Еще в ту пору, когда мисс Елизавета не уничтожила акта о своем браке с Гарвеем, она влюбила в себя старого герцога Кингстона, а когда ее проделка с больным графом Бристолем не удалась, смогла убедить этого старика жениться на ней. Супруги жили мирно. Старый добродушный герцог был вполне счастлив, получив в жены такую красавицу и находясь в полной ее власти. Умер он в 1773 году. После смерти герцога оказалось, что, согласно завещанию, все его громадное состояние должно было перейти к его вдове. Недовольные таким посмертным распоряжением герцога, его родственники завели с герцогиней сразу два процесса – уголовный и гражданский. Они обвиняли леди Кингстон в двоебрачии и оспаривали действительность духовного завещания в ее пользу. Противники ее находили, что завещание герцога не могло быть применено к ней, как к вдове завещателя, потому что она, как вступившая с ним в брак при жизни первого мужа, графа Бристоля, не может быть признана законной женой герцога Кингстона. Однако, оказалось, что это завещание было составлено очень ловко: старый герцог отказывал свое состояние не графине Бристоль, не герцогине Кингстон, а просто мисс Елизавете Чэдлей, тождественность которой с лицом, имевшим право получить после него наследство, никак невозможно было оспаривать.

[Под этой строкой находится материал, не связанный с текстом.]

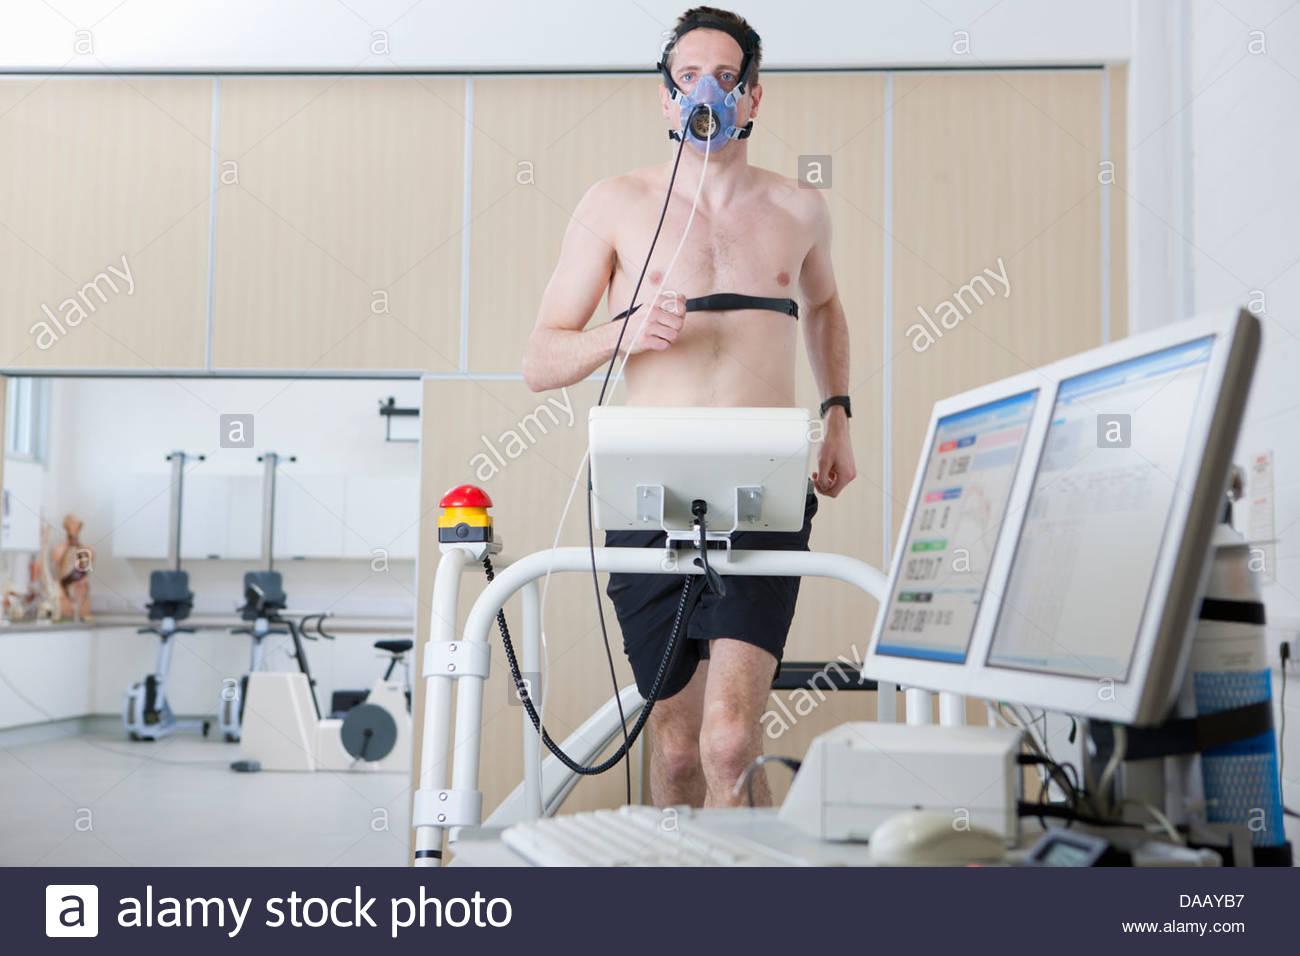 Runner con máscara en cinta en el laboratorio de ciencia de los deportes Imagen De Stock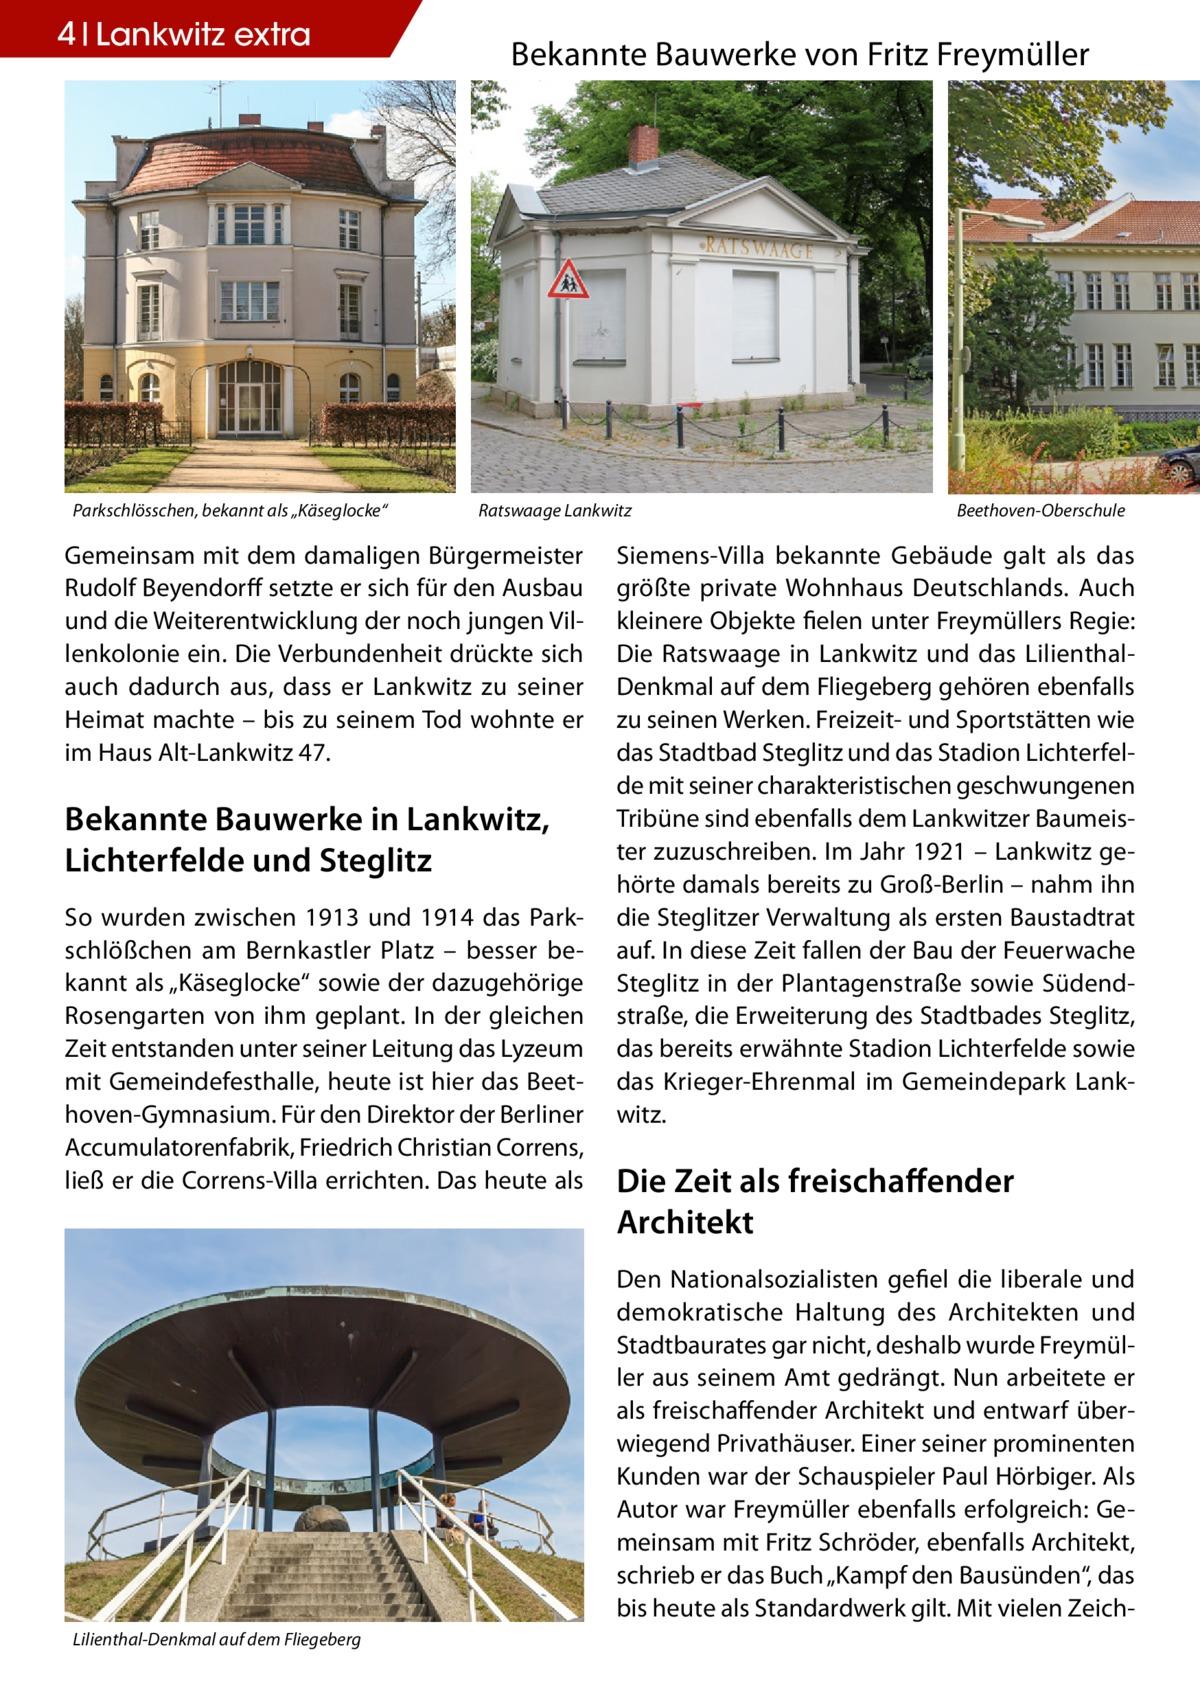 """4 Lankwitz extra  Parkschlösschen, bekannt als """"Käseglocke""""  Bekannte Bauwerke von Fritz Freymüller  Ratswaage Lankwitz  Gemeinsam mit dem damaligen Bürgermeister Rudolf Beyendorff setzte er sich für den Ausbau und die Weiterentwicklung der noch jungen Villenkolonie ein. Die Verbundenheit drückte sich auch dadurch aus, dass er Lankwitz zu seiner Heimat machte – bis zu seinem Tod wohnte er im Haus Alt-Lankwitz 47.  Bekannte Bauwerke in Lankwitz, Lichterfelde und Steglitz So wurden zwischen 1913 und 1914 das Parkschlößchen am Bernkastler Platz – besser bekannt als """"Käseglocke"""" sowie der dazugehörige Rosengarten von ihm geplant. In der gleichen Zeit entstanden unter seiner Leitung das Lyzeum mit Gemeindefesthalle, heute ist hier das Beethoven-Gymnasium. Für den Direktor der Berliner Accumulatorenfabrik, Friedrich Christian Correns, ließ er die Correns-Villa errichten. Das heute als  Beethoven-Oberschule  Siemens-Villa bekannte Gebäude galt als das größte private Wohnhaus Deutschlands. Auch kleinere Objekte fielen unter Freymüllers Regie: Die Ratswaage in Lankwitz und das LilienthalDenkmal auf dem Fliegeberg gehören ebenfalls zu seinen Werken. Freizeit- und Sportstätten wie das Stadtbad Steglitz und das Stadion Lichterfelde mit seiner charakteristischen geschwungenen Tribüne sind ebenfalls dem Lankwitzer Baumeister zuzuschreiben. Im Jahr 1921 – Lankwitz gehörte damals bereits zu Groß-Berlin – nahm ihn die Steglitzer Verwaltung als ersten Baustadtrat auf. In diese Zeit fallen der Bau der Feuerwache Steglitz in der Plantagenstraße sowie Südendstraße, die Erweiterung des Stadtbades Steglitz, das bereits erwähnte Stadion Lichterfelde sowie das Krieger-Ehrenmal im Gemeindepark Lankwitz.  Die Zeit als freischaffender Architekt Den Nationalsozialisten gefiel die liberale und demokratische Haltung des Architekten und Stadtbaurates gar nicht, deshalb wurde Freymüller aus seinem Amt gedrängt. Nun arbeitete er als freischaffender Architekt und entwarf überwiegend Privathäuser. Ein"""

Как бы то ни было, но уголовный процесс грозил герцогине страшной опасностью. Суд мог прибегнуть к старинному английскому, не отмененному еще в ту пору, закону, в силу которого ей за двоебрачие грозила смертная казнь. Даже в самом снисходительном случае ей, как двумужнице, следовало наложить через палача публично клеймо на левой руке, которое выжигалось раскаленным железом, после чего должно было последовать продолжительное тюремное заключение. Избавиться от такого приговора было очень трудно, т. к. совершение ее брака с Гарвеем было доказано при помощи служанки мисс Елизаветы, присутствовавшей свидетельницей при заключении этого брака.
Противникам герцогини удалось выиграть затеянный ими уголовный процесс. Мисс Елизавета была признана законной женой капитана Гарвея, носившего потом титул графа Бристоля, а потому второй ее брак с герцогом Кингстоном, как заключенный при жизни первого мужа, был объявлен недействительным. Однако, ввиду разных уменьшающих вину обстоятельств, она была освобождена от всякого наказания и только по приговору суда была лишена неправильно присвоенного ею титула герцогини Кингстон. В дальнейшем, впрочем, по неизвестным причинам, та часть судебного приговора, которая гласила о лишении Елизаветы герцогского титула и фамилии Кингстон, не была приведена в исполнение, т. к. Елизавета повсюду продолжала пользоваться во всех официальных актах титулом герцогини Кингстон без всякого возражения со стороны английского правительства.
Несмотря на неблагоприятный исход уголовного процесса, в силу завещания покойного герцога все его громадное состояние было признано собственностью Елизаветы, и она сделалась одной из богатейших женщин в Европе.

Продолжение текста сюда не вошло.